- [WORK REQUIRED]: Exclude the pictures, and otherwise reproduce the data in full.

- [AVAILABLE DATA]:
══════════

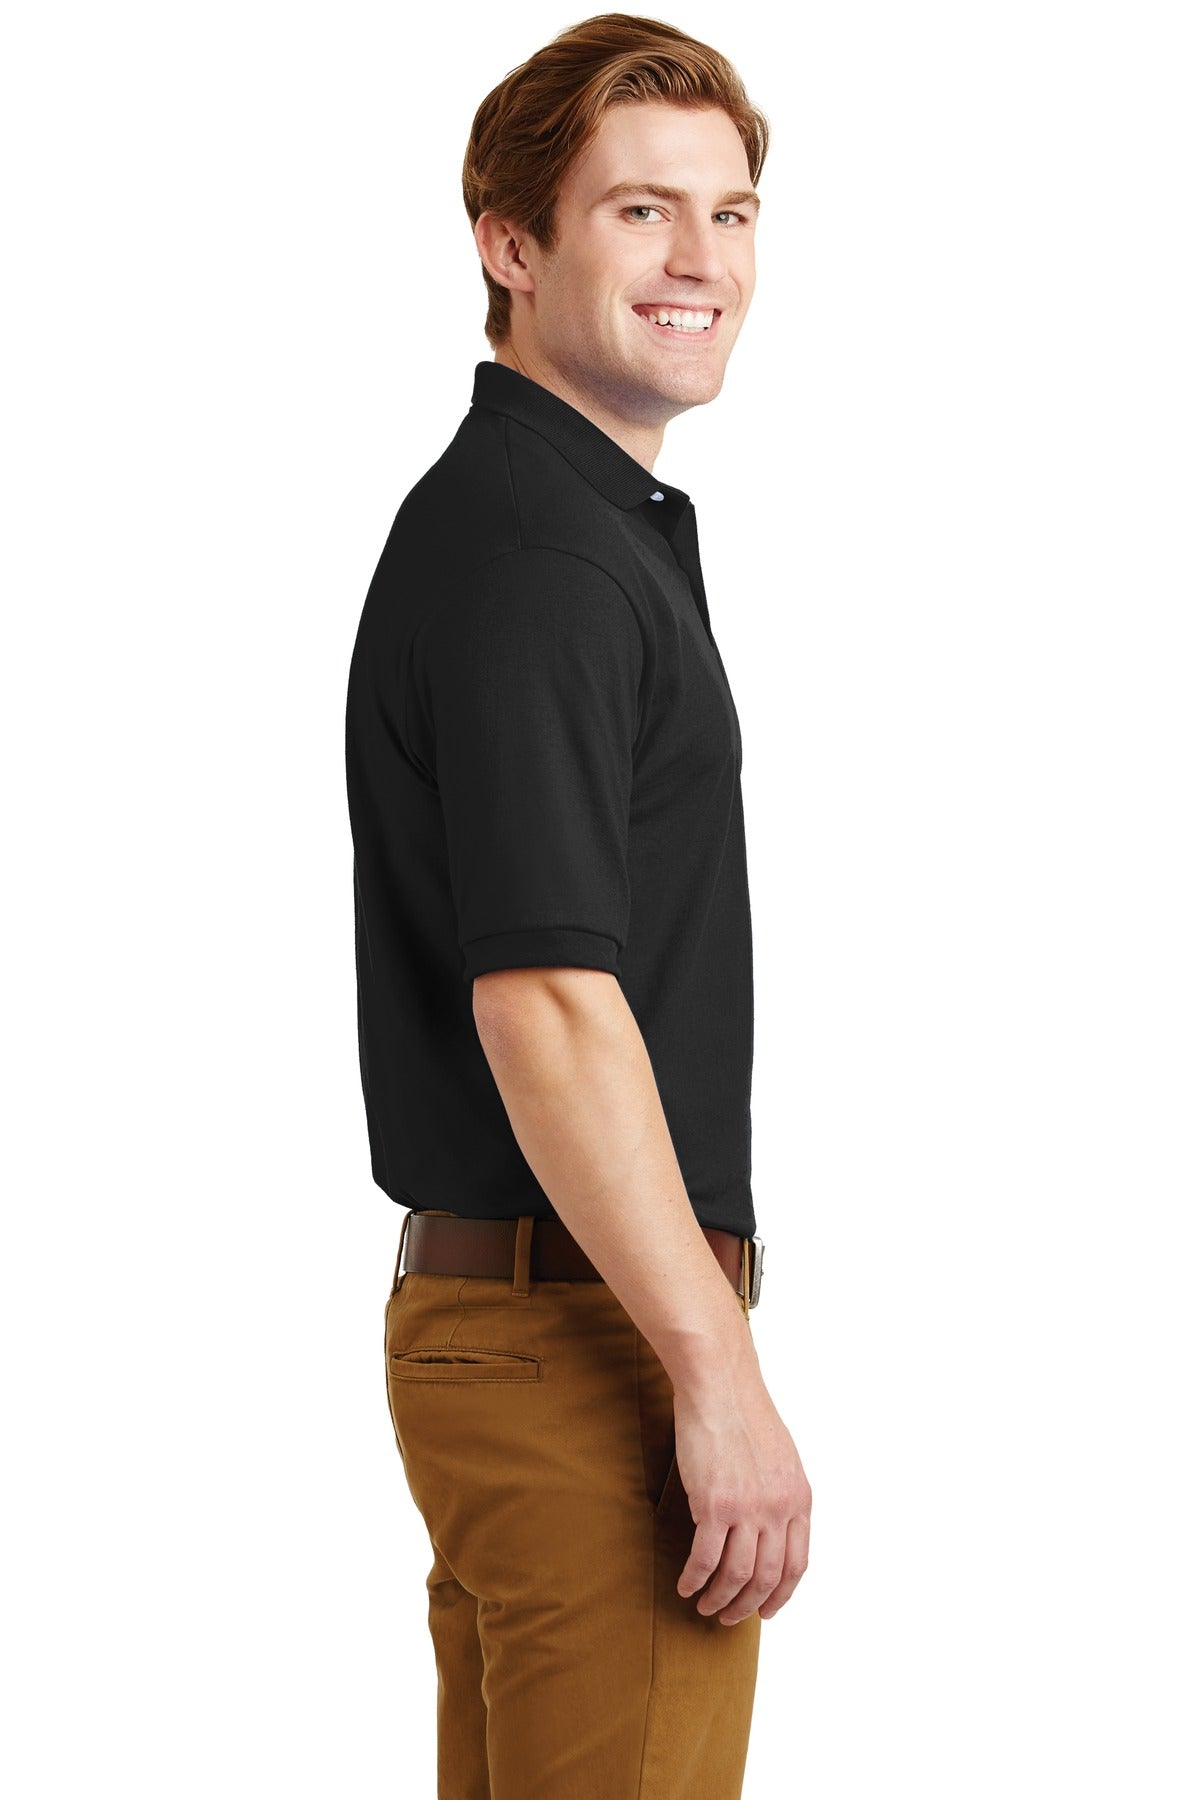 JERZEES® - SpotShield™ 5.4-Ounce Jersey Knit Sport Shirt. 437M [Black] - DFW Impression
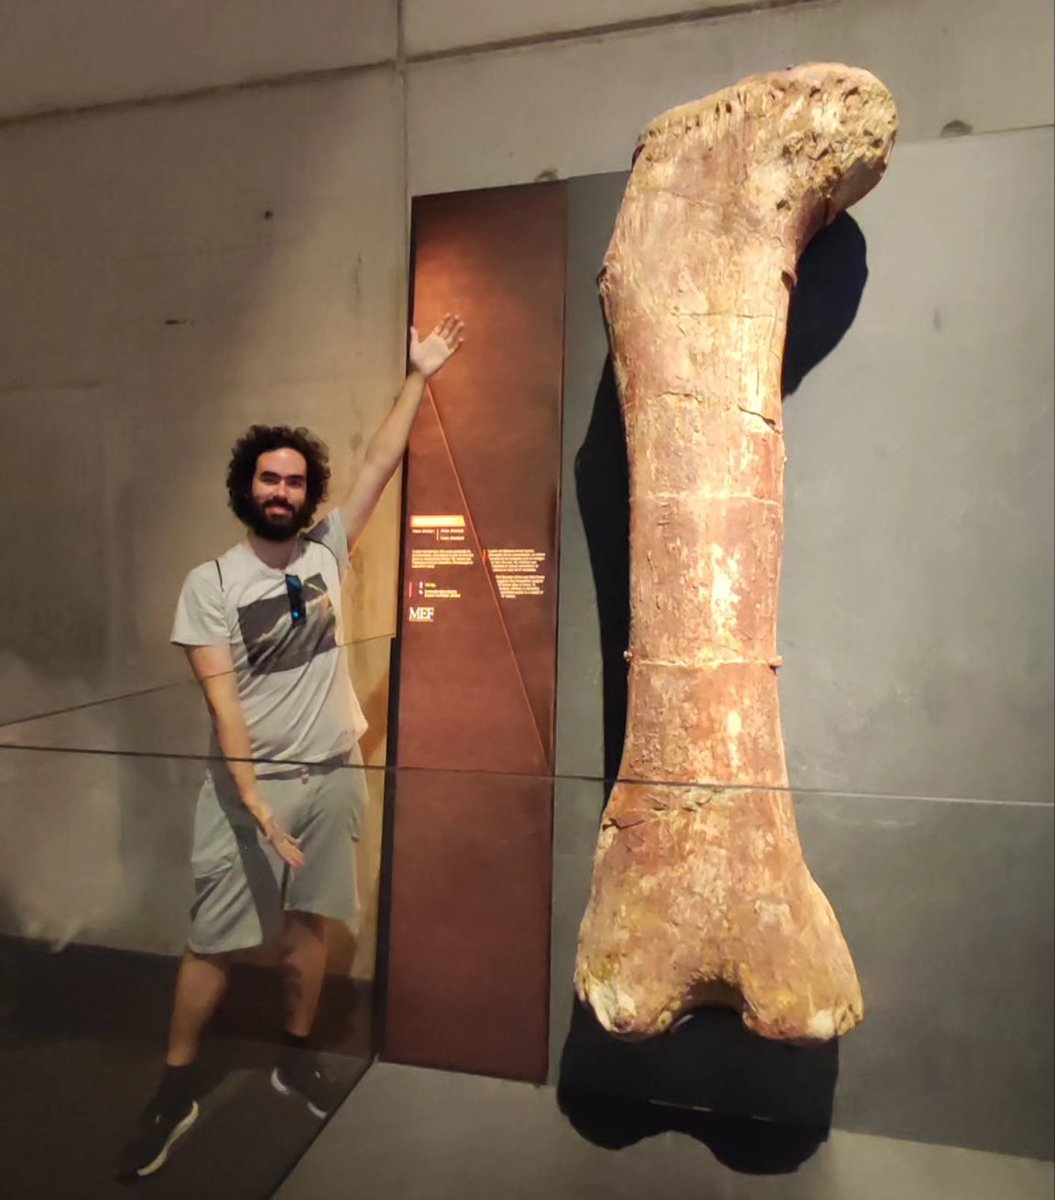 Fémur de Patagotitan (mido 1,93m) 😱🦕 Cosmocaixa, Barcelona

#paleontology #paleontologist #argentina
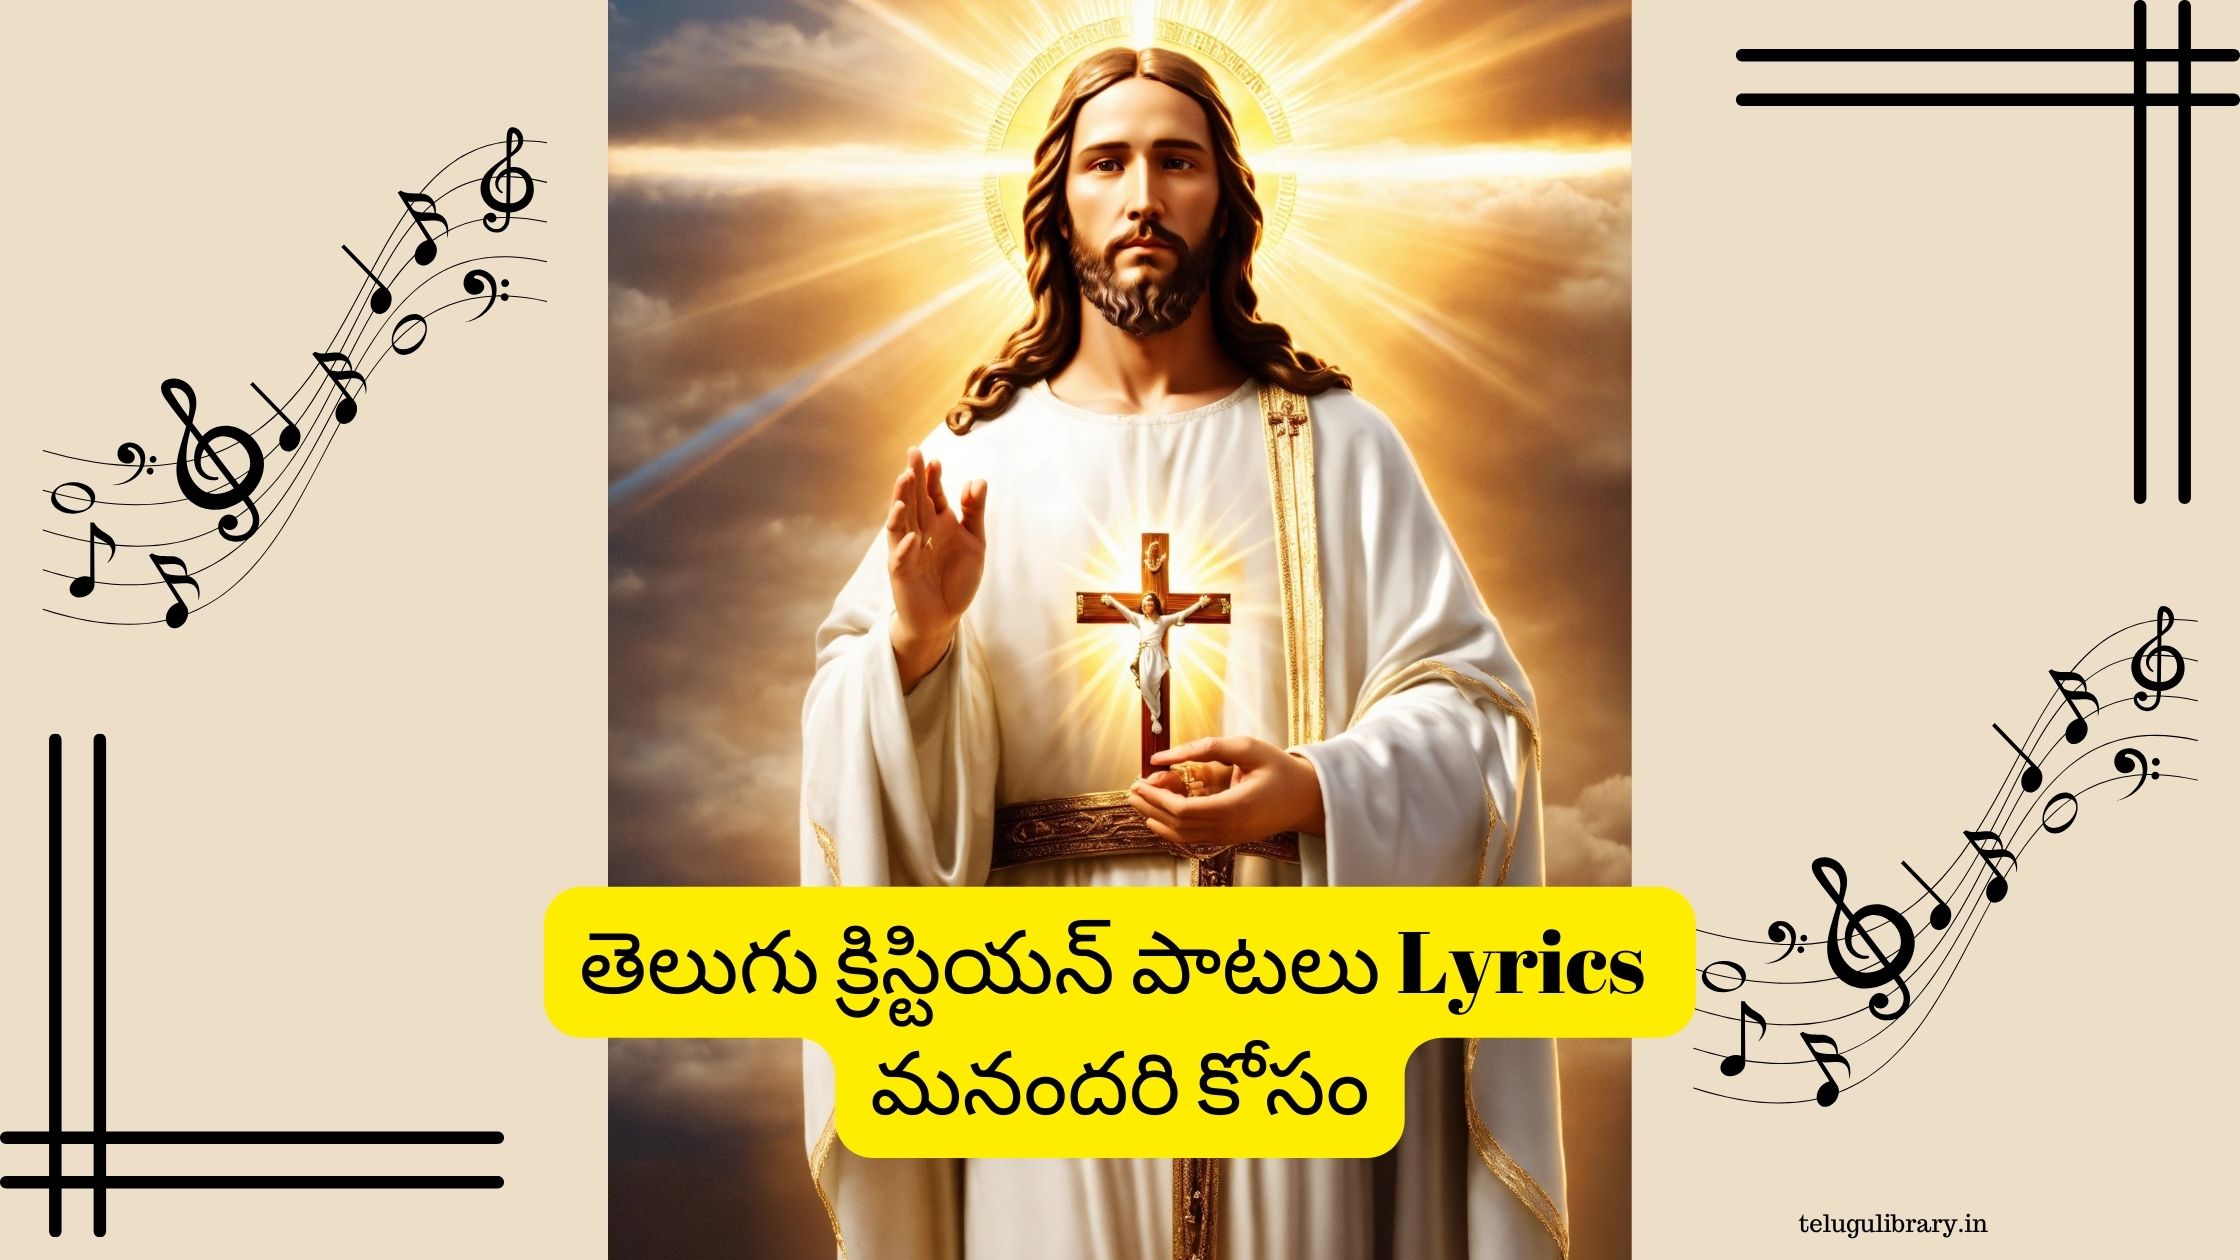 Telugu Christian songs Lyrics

══════════

- [TASK SOLUTION]:
 JERZEES® - SpotShield™ 5.4-Ounce Jersey Knit Sport Shirt. 437M [Black] - DFW Impression
 Fémur de Patagotitan (mido 1,93m) 😱🦕 Cosmocaixa, Barcelona

#paleontology #paleontologist #argentina
 Telugu Christian songs Lyrics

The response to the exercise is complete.